In another attempt to combine a couple of recipes to make a single meal, I chose to make a rice salad and pair it with fish. I love rice and can't recall ever eating a cold version of it with a dressing, so I was very interested to see if this could be a new summer salad that's sans mayo. In place of a mayo forward dressing it a mixture of oils, vinegar, Dijon mustard, salt and pepper. I thought the dressing tasted pretty darn good on it's own and might make a nice marinade for chicken. The salad is a 1:1 combination of wild and white rice that get cooked separately due to their cooking times being different. Some fresh parsley, celery, and red onion round it out. Everything gets tossed together and dressed before going into the fridge too become cold.

I've always wanted to start cooking more fish for dinners, so I was excited to try out this more of a technique than a recipe way of cooking whatever fish looked good at the store. Christine tends to like more mild, white fishes so I picked up some snapper. A lot of the fresh fish at the store didn't have skin so I had to opt for frozen filets but they thawed pretty quickly. The secret to this recipe comes from the world renowned restaurant, Le Bernadin, in the form of using Wondra Flour to dust the outside of the fish with. It's a precooked flour that's been dried and is normally used to thicken gravies and sauces. Using it here instead of regular all purpose flour yields better crispiness and browning. A quick fry in the pan followed by a few minutes in the oven and it's good to go.

The rice salad ended up being a huge let down.
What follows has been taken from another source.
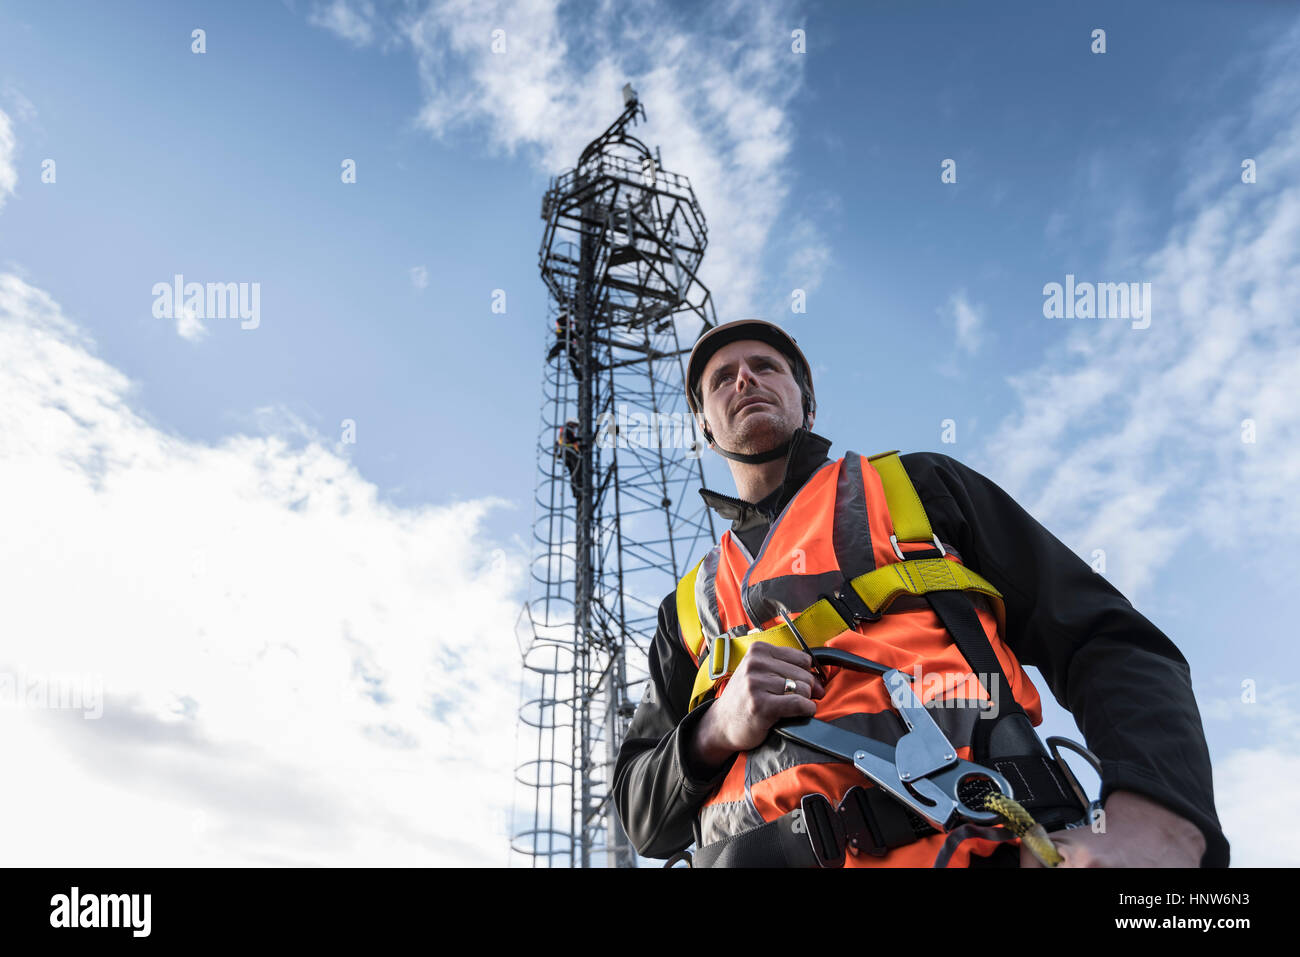 Torre de transmisión ingeniero con torre, vista de ángulo bajo Imagen De Stock

The temperature of the rice was rather off putting and the tasty dressing just gave the rice an odd slickness that neither of us liked. Because two cups of uncooked rice makes so much once cooked, I ended up throwing a TON of rice away. That was very upsetting, but wasn't upsetting was how great the fish came out. I don't know if I've ever even had snapper before, but it turned out beautifully. The skin was super crispy and gave a really nice contrasting texture to the flakey white meat. Christine mentioned it would have been perfect to have a sauce or puree to go with it and I wholeheartedly agree. It's something I will incorporate the next time I made it. With how successful that cooking method is, I want to start making fish at least a couple times a month, if not more often.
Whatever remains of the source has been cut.